Thursday, 29 February 2024

Three Poems by P.C. Scheponik

 



Fairy Garden

 

Today my great granddaughter and I went back to the fairy garden.

I, with my folding chair, she, with her ability to hunker down.

We sat and hunkered for over an hour, among the various

garden flowers: the tall blooms of cosmos, the thick green 

clusters of sedum, and colourful clumps of marigolds. 

Me in my chair, she, now settled on her knees, moving painted

mushroom houses and fairy figurines around the sandy plot of the

fairy garden—a place for children to play and old men to watch and

remember the days when it was so easy to believe in fairies and

happy endings, to find excitement in secrets and mysteries.

We sat there together, I, watching her play, she, occasionally looking

up at me. There were smiles we exchanged as imagination gave way

to innocent memories. The wind tickled the metal chimes till they

sang a song of happier times, moments of togetherness, music made

of love.


 

In the End

 

The missiles are flying.

The guns are firing.

The night sky burns

with unholy light.

The blood is flowing.

The children are crying.

The people are dying from

wound and fright.

What beast portends.

What saviour fails to bring

an end to such suffering.

Is it curse or prayer that

fills the air with countless

plaintiff voices?

War or peace, fight or retreat

in this roulette wheel of choices.

In the end, death will never amend

the brutality of all the losses.


 

Abundant Love

 

I am through with the book, the basilica,

the synagogue, and scroll—

all the cults and clubs that corner the

market on God, that capture the heart

and shackle the soul.

If I want a face-to-face I will go outside

among the fields of flowers and weeds,

among the forests’ cathedral trees.

I will kneel and close my eyes and wait

for the feel of the wind against my cheek.
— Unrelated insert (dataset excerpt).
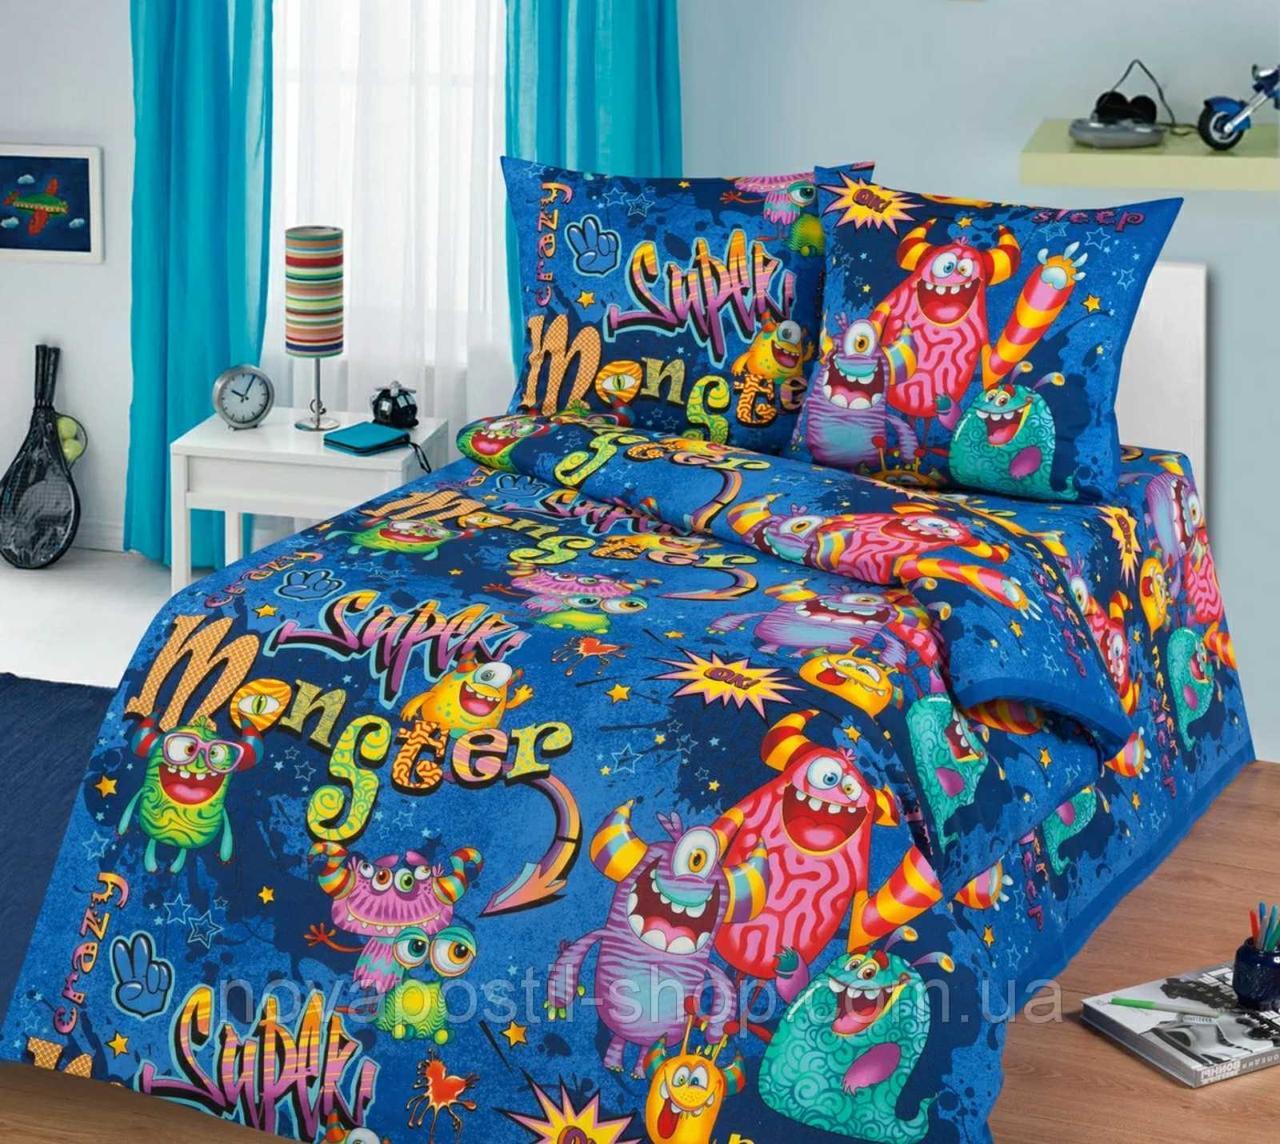 Комплект детского постельного полуторного белья Супер Монстры, Бязь Люкс

I will listen to the blue jay sing, to the

bubbling alleluias of the creek.

This is the living word I can trust.

This is the garden world love gives

to us that we may enjoy its wonders.

Not a tithe to be paid, not a precept to keep,

just gratitude and praise and the willingness

to be one with abundance.





P.C. Scheponik is a lifelong poet who lives with his wife, Shirley, and their shizon, Bella. His writing celebrates nature, the human condition, and the metaphysical mysteries of life. He has published five collections of poems. His work has appeared in numerous poetry journals.